## Given information
========================================================================
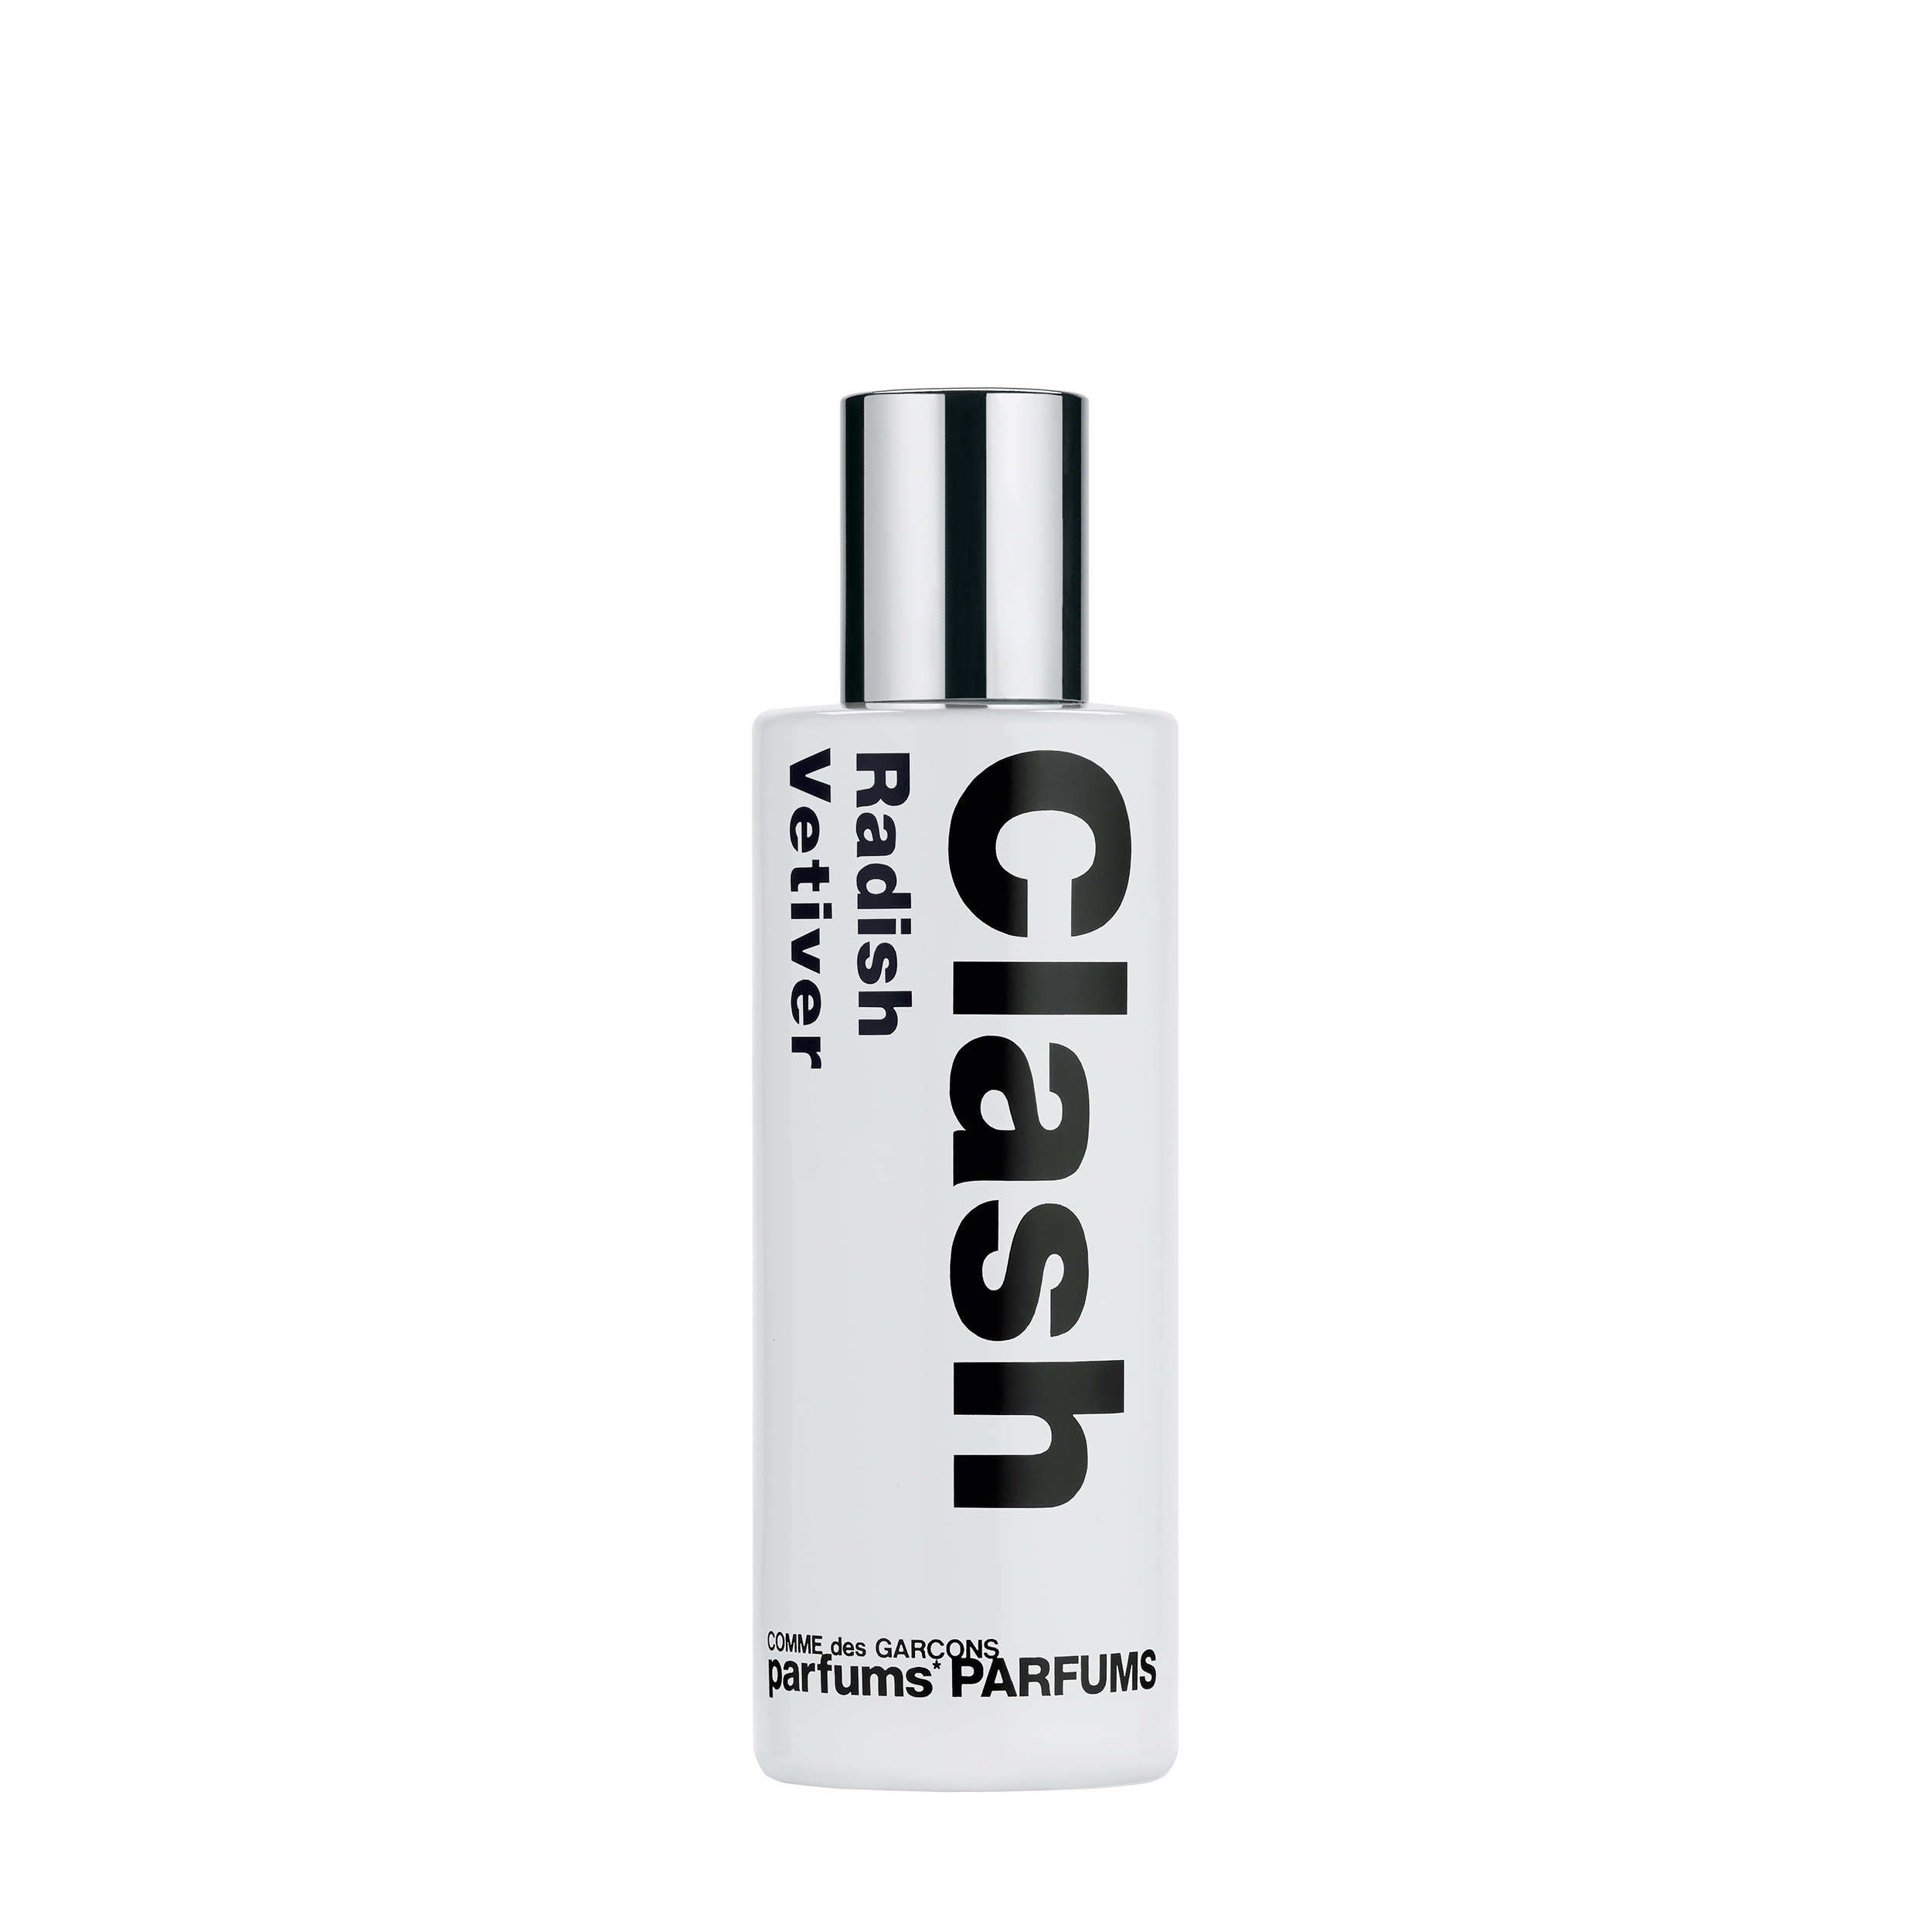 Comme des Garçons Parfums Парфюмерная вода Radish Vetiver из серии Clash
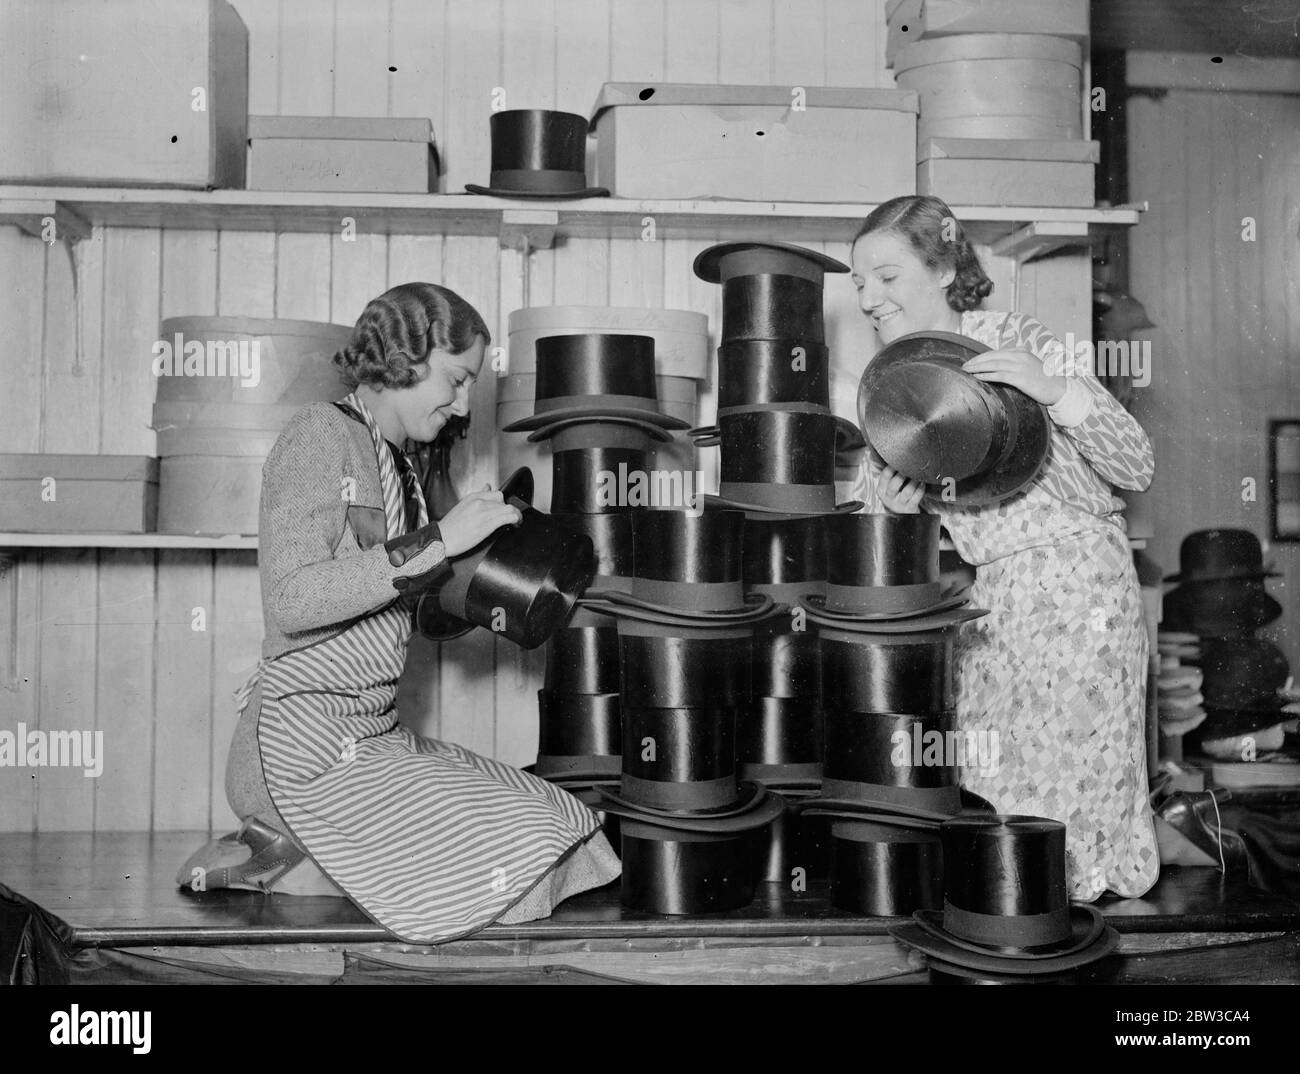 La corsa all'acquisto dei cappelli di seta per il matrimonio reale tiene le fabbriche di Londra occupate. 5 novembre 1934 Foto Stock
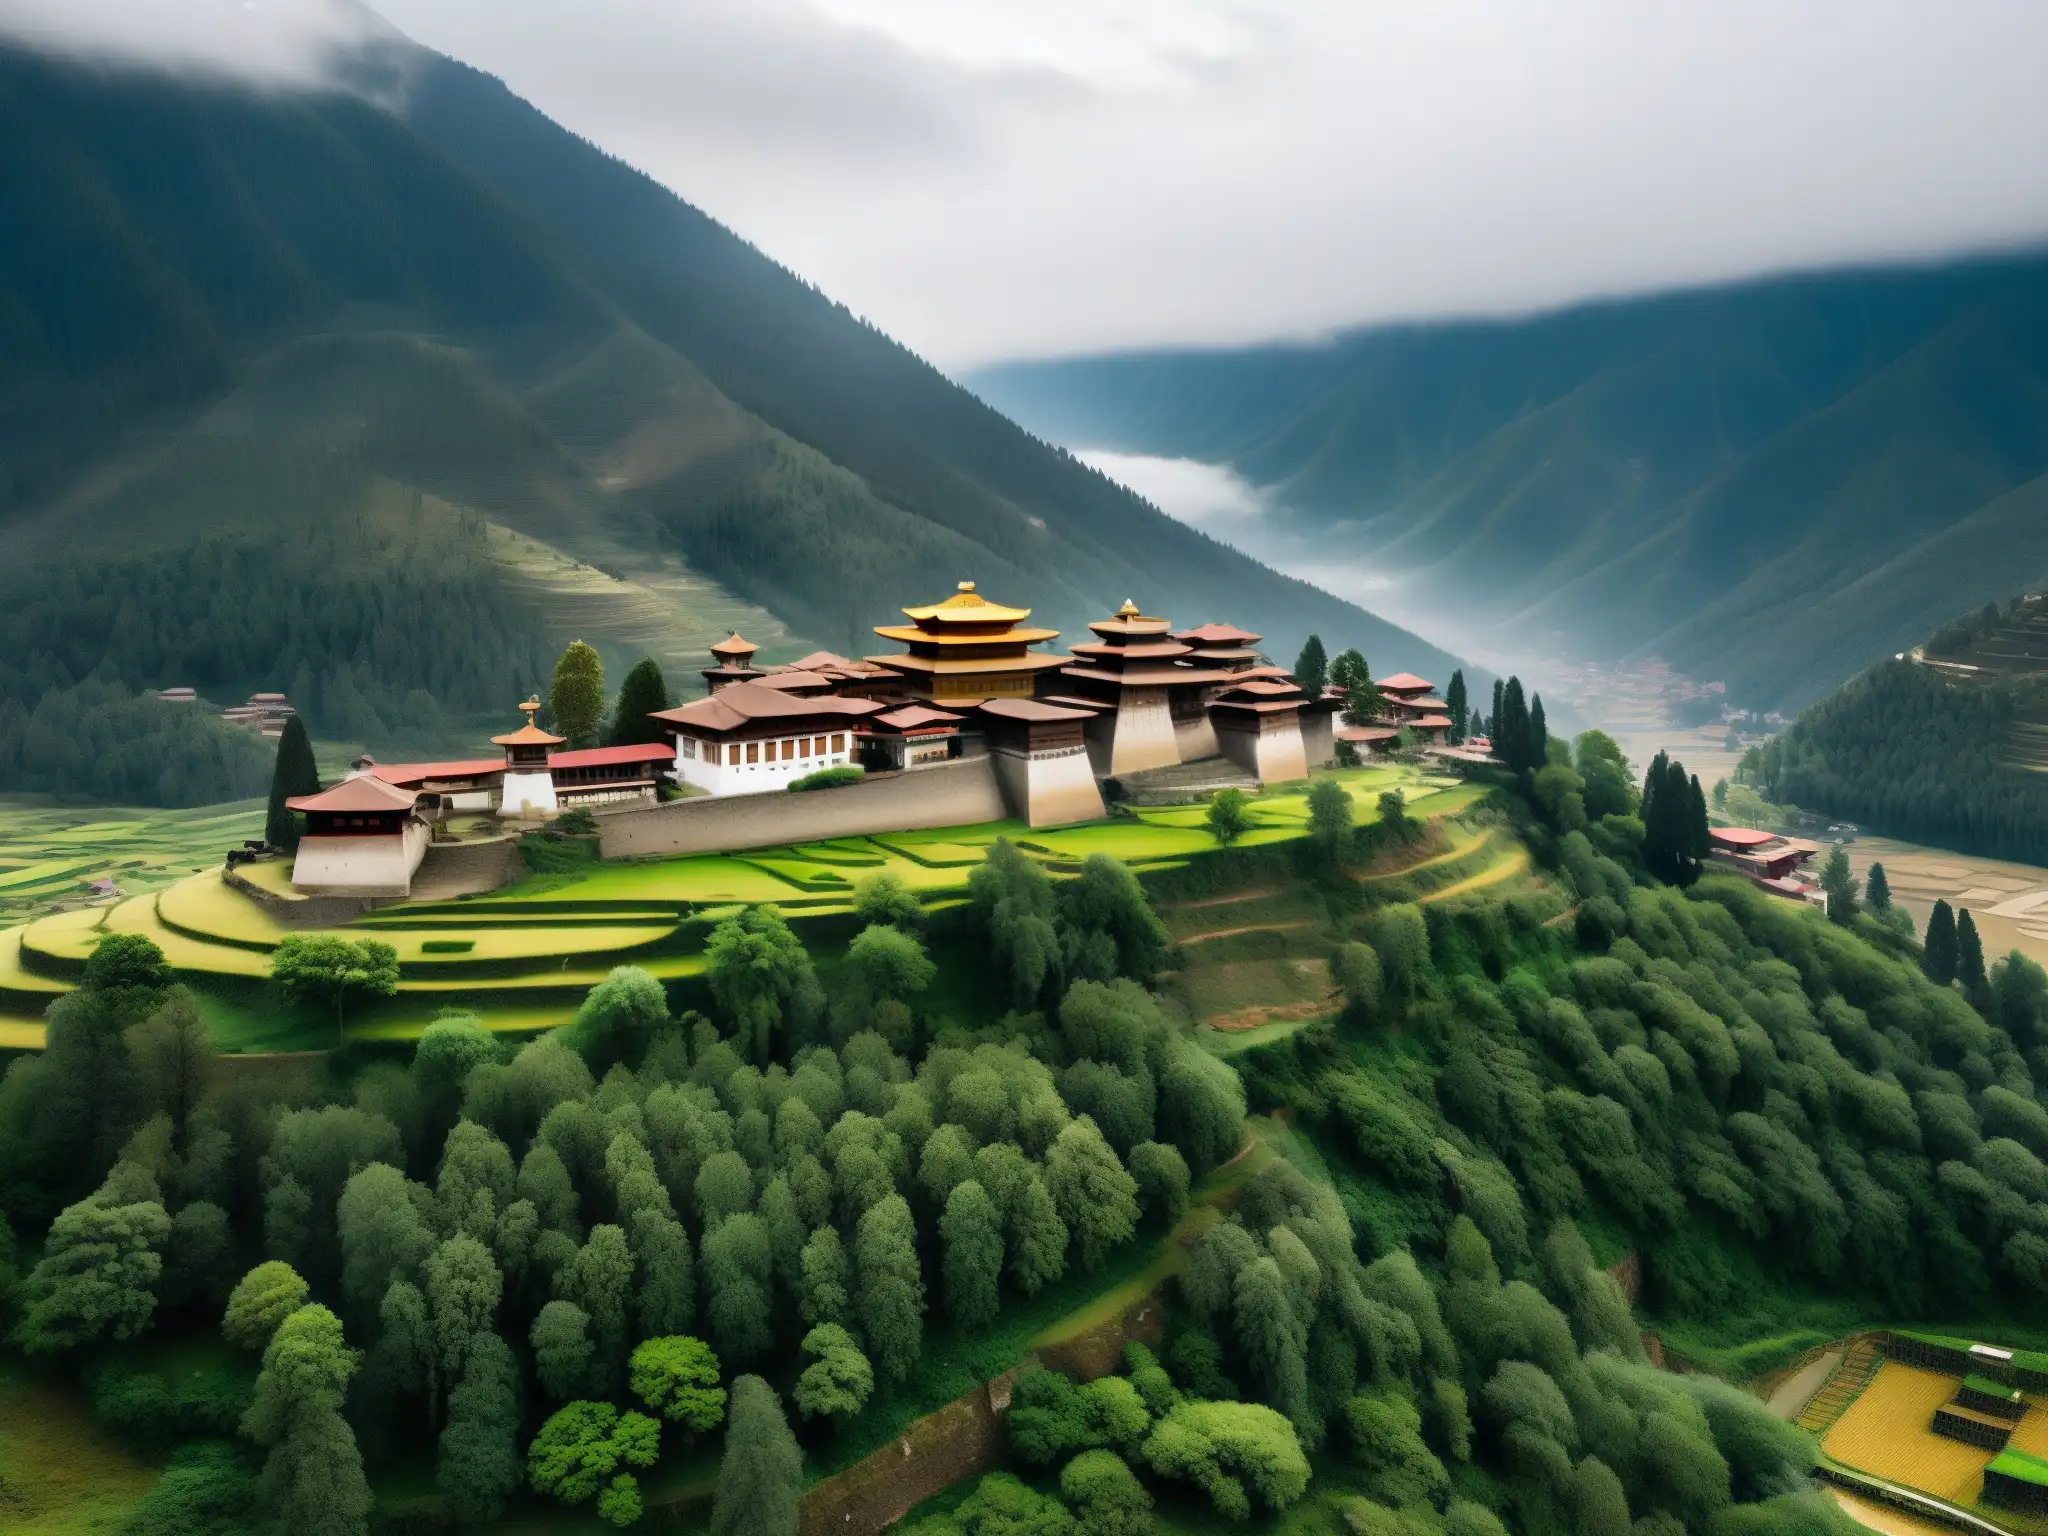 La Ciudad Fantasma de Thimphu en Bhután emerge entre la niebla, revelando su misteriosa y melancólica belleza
========================================================================
## About this task
Hand back every line of the material, exactly, without the pictures.

## Expected answer
 Comme des Garçons Parfums Парфюмерная вода Radish Vetiver из серии Clash
 La corsa all'acquisto dei cappelli di seta per il matrimonio reale tiene le fabbriche di Londra occupate. 5 novembre 1934 Foto Stock
 La Ciudad Fantasma de Thimphu en Bhután emerge entre la niebla, revelando su misteriosa y melancólica belleza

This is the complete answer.